Recently Forbes indicated 75% of companies report their top objective as improving customer experience and those companies who do it well will reap the financial benefits according to the ASX company financial results.
Bernie Brookes a spokesperson on retail and new Swinburne University Adjunct Industry Fellow said retailers need to consider two areas to remain successful:
1. Digital Disruption – rethink your omni channel presence but don’t over complicate or over invest.
2. Implications, competing on experience – has proven financial benefits and providing consistent high quality experiences to customers leads to loyalty. The best practice retailers put their own people at the heart of their customer strategy to create a culture which customer value.

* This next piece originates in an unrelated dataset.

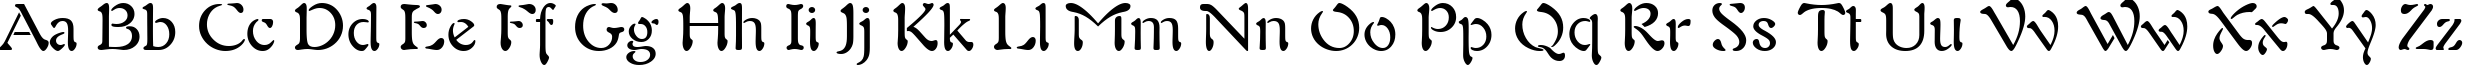 Пример написания английского алфавита шрифтом Freeform 721 BT

Dr Sean Sands talked about the three biggest retail trends, many insights taken from the World Retail Congress:
AI – with one in three customers expecting personalised recommendations for both bricks-and-mortar, and online retailers this is a crucial statistic to jump on board.
Voice – 50 million Echo devices exist worldwide and it’s growing.
“In the next three to five years, we want you to be fully immersed in the Wayfair experience with AR, voice and other forms of technology. You should be able to say, here’s my space. I have a couple arm chairs and a side table. What can I do with this?” Mike Festa, Director of Wayfair Next
Visual – In a unique event activation, attendees experienced the app Snapchat for themselves with a specific event filter. The fact that 72% of millennials use Snapchat and one trillion photos were taken by Snapchat uses last week is an important statistic for retailers and marketers.
Sean is Co-Director of the Customer Experience & Insight (CXI) Research Group and Associate Professor of Marketing at Swinburne Business School.